#### EXERCISE REQUIREMENTS:
Both the line below containing "Jeans Skinny Grigio" and the line containing "Church in Naperville, Illinois", along with every line between them, should be repeated exactly; no other line belongs in the answer.

#### TASK INPUT:

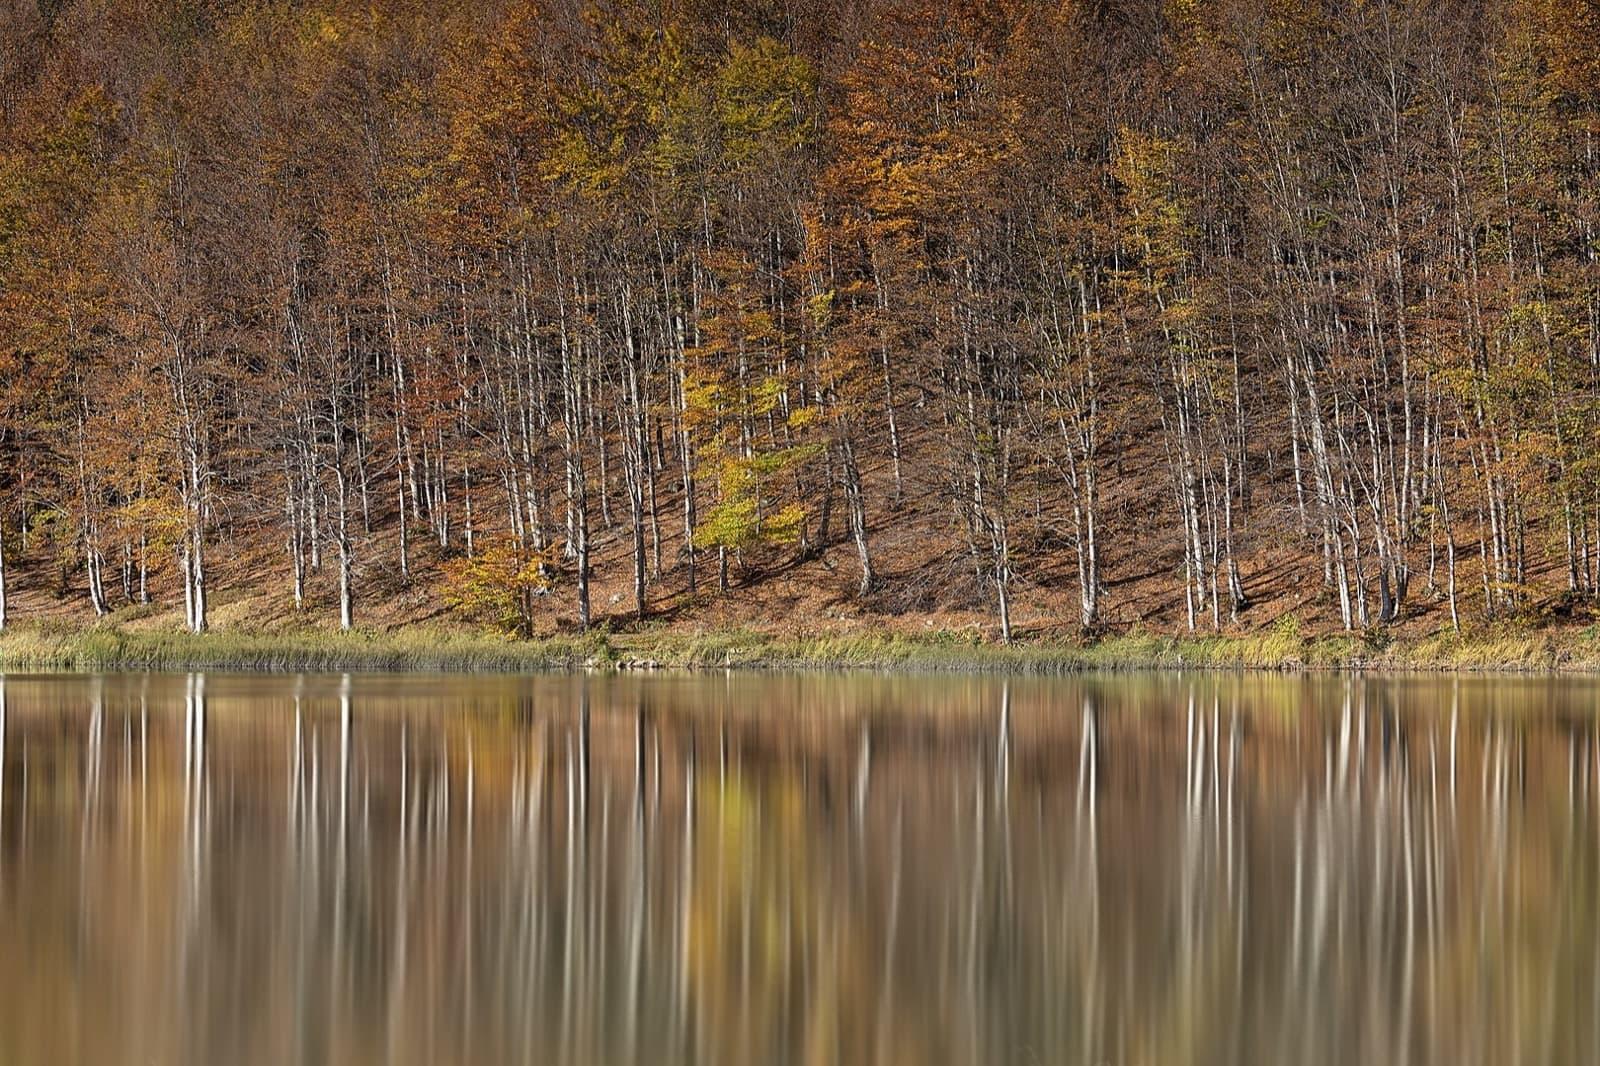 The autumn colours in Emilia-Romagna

...

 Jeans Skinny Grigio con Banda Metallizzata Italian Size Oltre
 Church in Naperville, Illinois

#### EXERCISE RESULT:
 Jeans Skinny Grigio con Banda Metallizzata Italian Size Oltre
 Church in Naperville, Illinois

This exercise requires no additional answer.